• **PROBLEM REQUIREMENTS**
Range to repeat from the listing below: the line containing "340 Gålå – Hyttebilde" down to the line containing "疫病解釈的動機パラディニア(Paladineer)サイクリングバッグ 超軽量 自転車バックパック", both included. Copy it exactly, pictures excluded, and add nothing else.
[[ SUPPLIED RECORDS open ]]
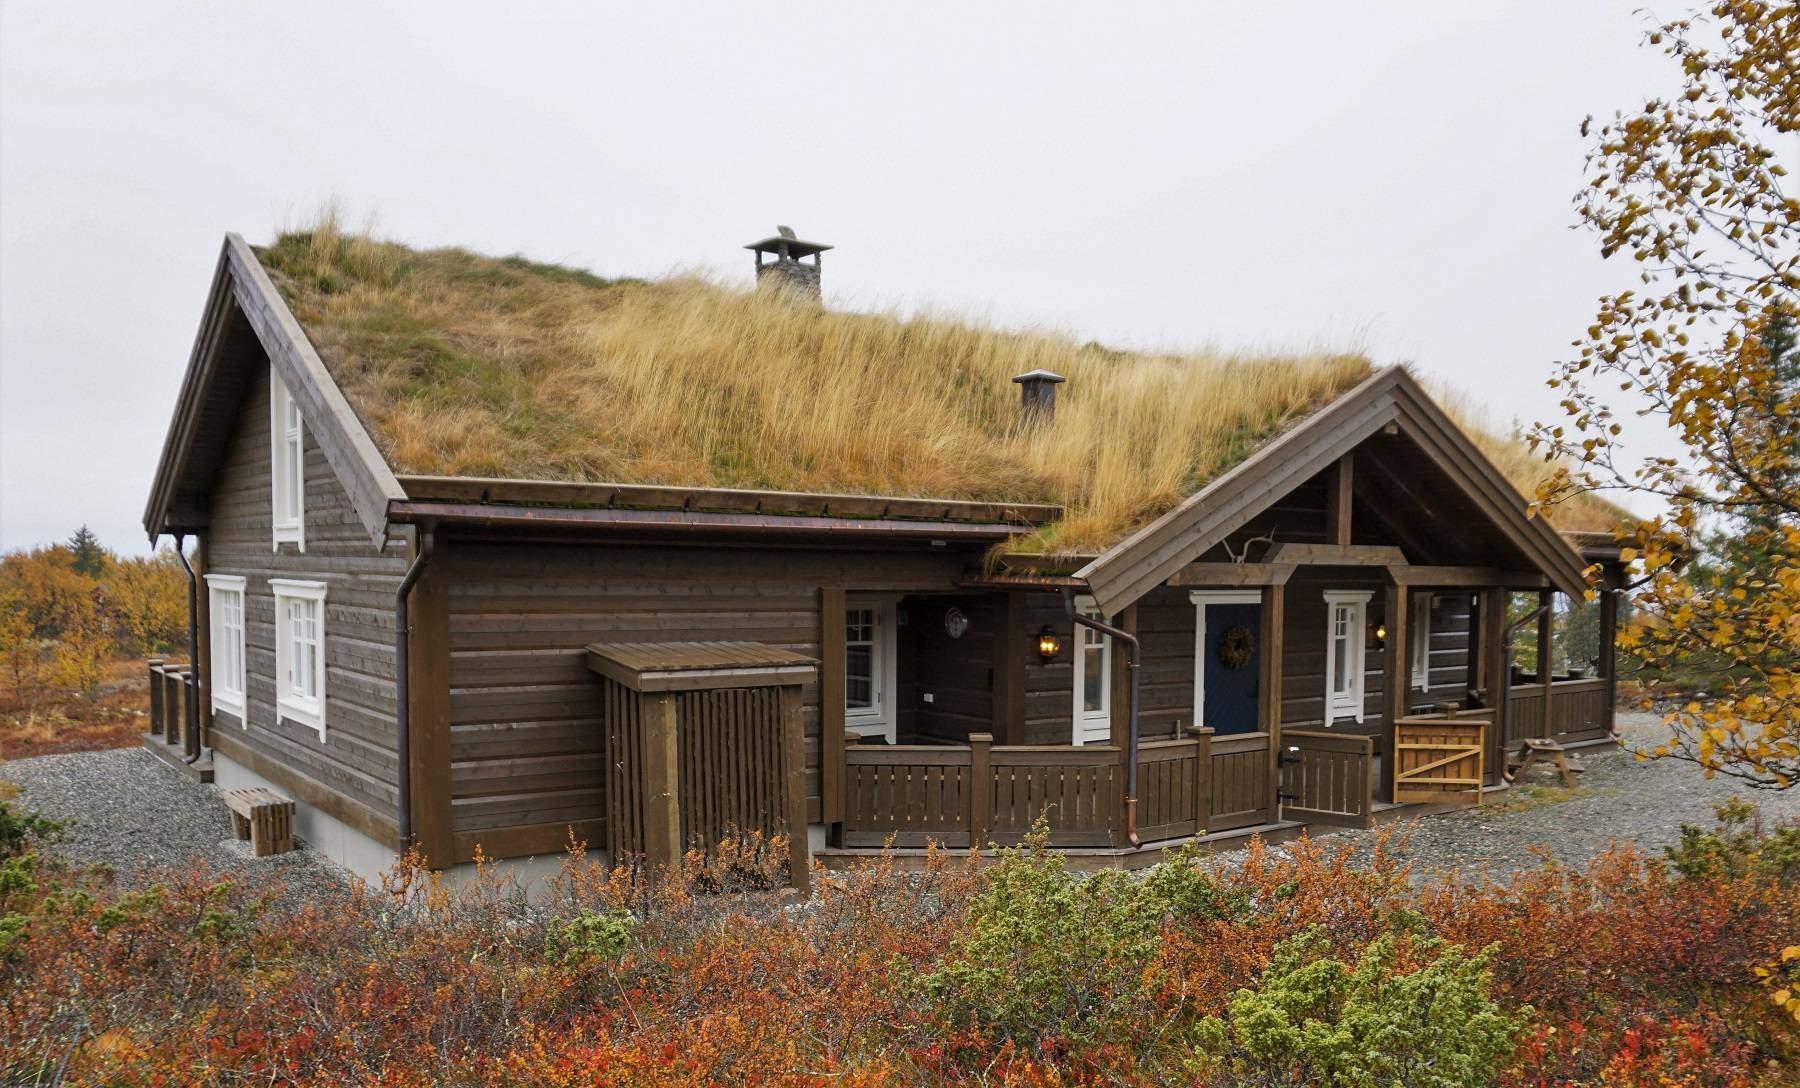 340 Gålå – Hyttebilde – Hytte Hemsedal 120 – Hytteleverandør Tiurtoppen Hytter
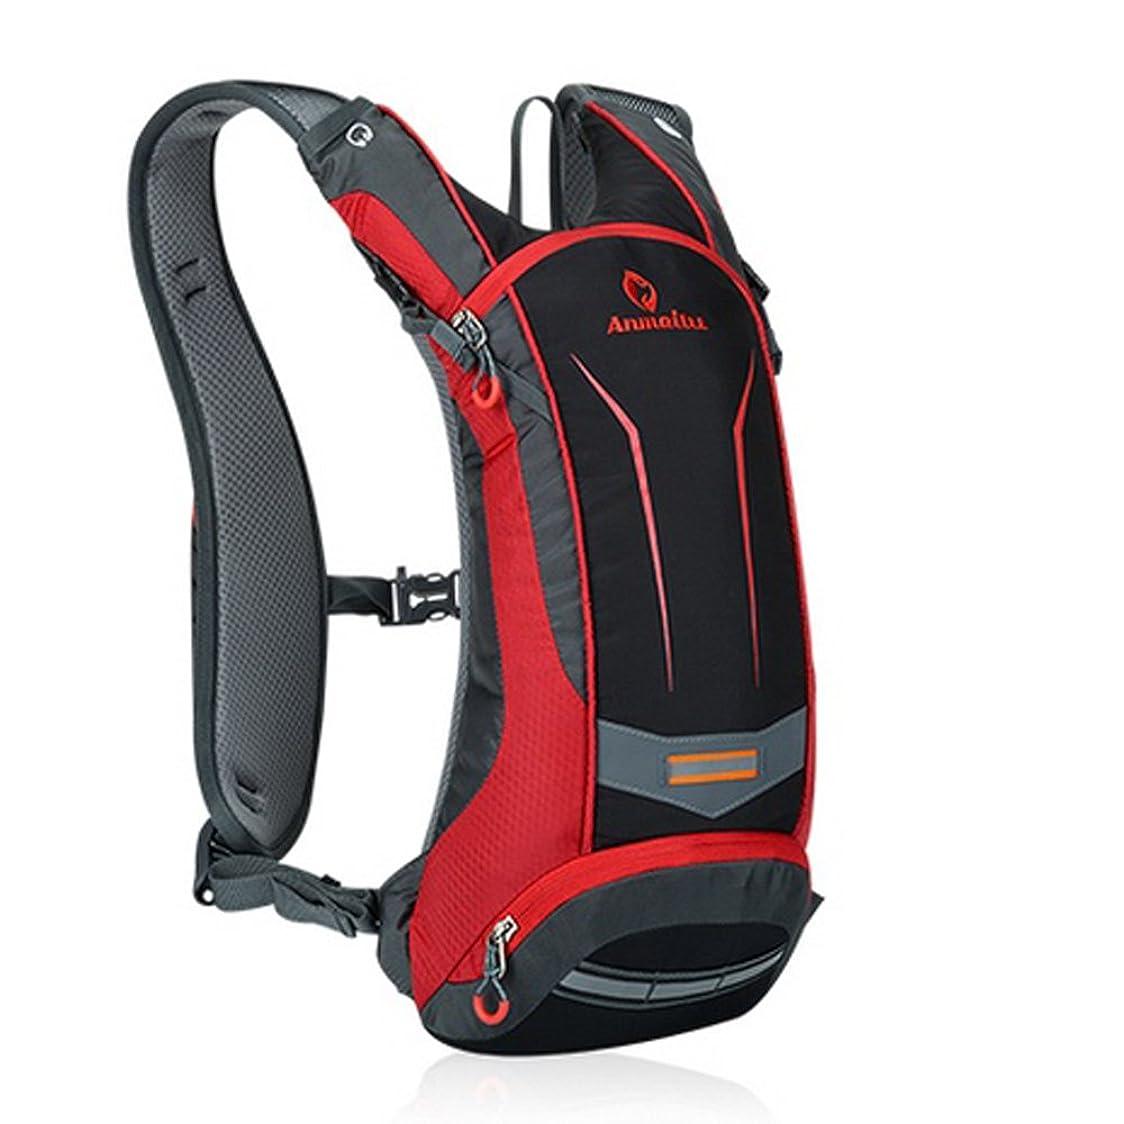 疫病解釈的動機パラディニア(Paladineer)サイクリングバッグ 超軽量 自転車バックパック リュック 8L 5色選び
[[ SUPPLIED RECORDS closed ]]
[[ SUPPLIED RECORDS open ]]
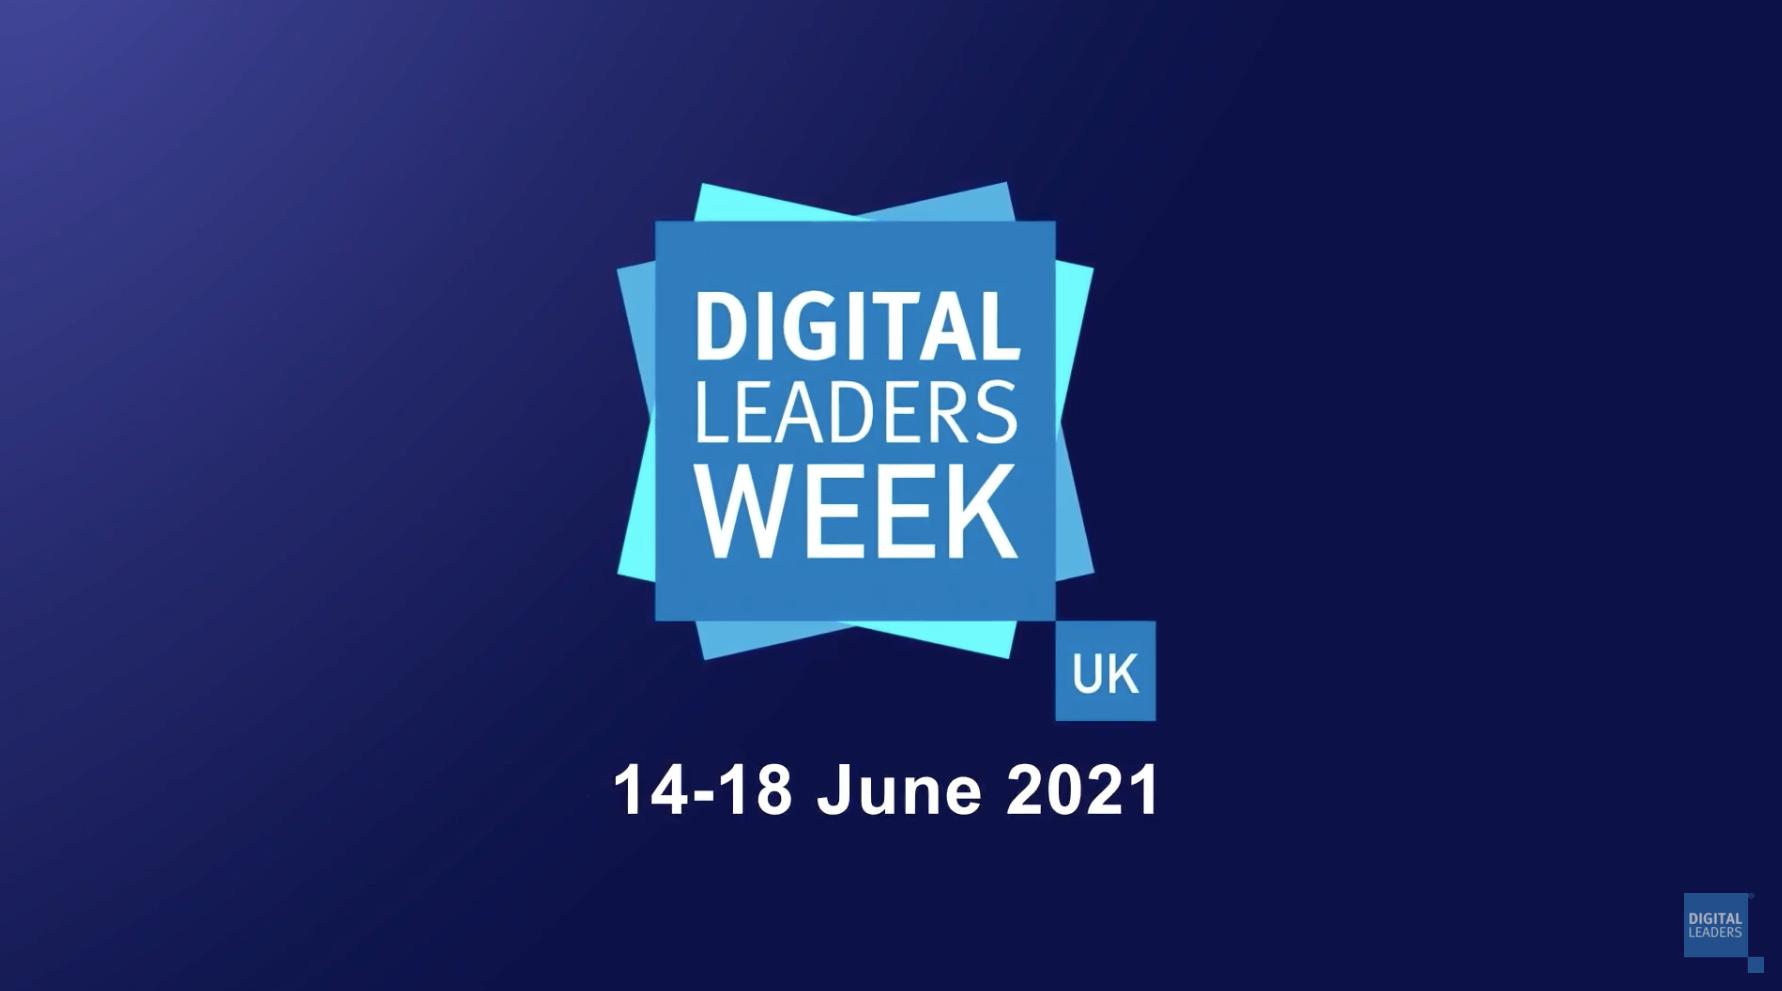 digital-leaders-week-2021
[[ SUPPLIED RECORDS closed ]]
• **TASK RESULT**
 340 Gålå – Hyttebilde – Hytte Hemsedal 120 – Hytteleverandør Tiurtoppen Hytter
 疫病解釈的動機パラディニア(Paladineer)サイクリングバッグ 超軽量 自転車バックパック リュック 8L 5色選び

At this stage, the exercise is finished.